DING

Don't store it. Stream it. DING it.

One binary that wraps your CI job, training run, or batch script — and pings you when it matters.

$ brew install ding-labs/tap/ding

$ curl -sf https://start.ding.ing | sh

The 60-second example

Drop a ding.yaml next to your job. Two rules: one fires the moment a test fails, one fires once at the end with the totals.

rules:
  # during the run — ping Slack the second a test fails
  - name: test_failed
    match:
      metric: test.failed
    condition: value > 0
    message: "❌ {{ .test_name }} failed on {{ .branch }}"
    alert:
      - notifier: slack

  # at end-of-run — one summary alert with the totals
  - name: run_summary
    mode: end-of-run
    match:
      metric: run.exit
    condition: exit_code != 0
    message: "Job failed in {{ .duration_seconds }}s on {{ .commit }}"
    alert:
      - notifier: slack

Then wrap your job:

ding run -- npm test

DING auto-detects GitHub Actions, GitLab CI, CircleCI, Jenkins, Buildkite, Argo, MLflow, and bare Kubernetes — and attaches run_id, branch, commit, workflow, job, and actor labels automatically. They're available in every alert message.

What

DING is a streaming alert engine that ships with your workload, not next to it. The job emits events; DING evaluates rules in-process; alerts fire during the run and a summary fires when the job exits. Both die together.

Two ways to run it:

ding run -- <cmd> — wraps an ephemeral job (CI, training, batch). Captures its event stream, evaluates rules in real time, fires a summary at exit.
ding serve — long-running HTTP daemon for steady-state apps. Accepts events on POST /ingest, hot-reloads config.
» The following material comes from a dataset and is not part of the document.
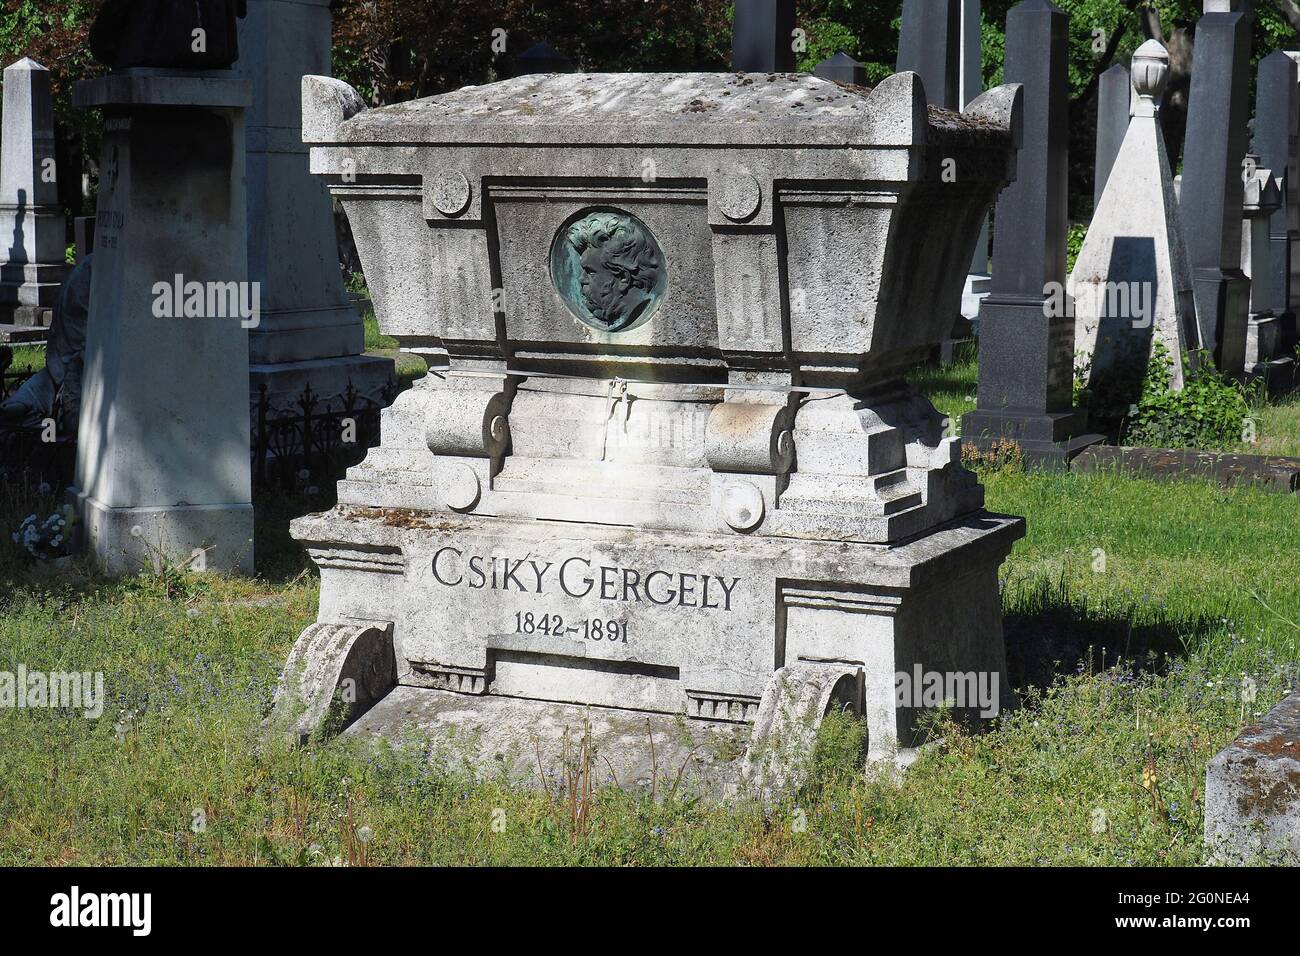 Tomb of Gergely Csiky dramatist (Gregor Csiky), Kerepesi Cemetery (Fiume Road National Graveyard), 8th District, Budapest, Hungary, Europe Stock Photo

Single static binary. No database, no agents, no cloud account. MIT licensed. No telemetry.

Where DING fits

Ephemeral compute

CI jobs, ML training runs, batch ETL, scheduled tasks. Anything that starts, does work, exits.

Single-server apps

One VM, edge boxes, internal tools. The cases where standing up Prometheus and Alertmanager is more infra than the app itself.

Inside an existing stack

Drop into one job inside a Prometheus shop. DING doesn't replace your fleet metrics — it covers the workloads they miss.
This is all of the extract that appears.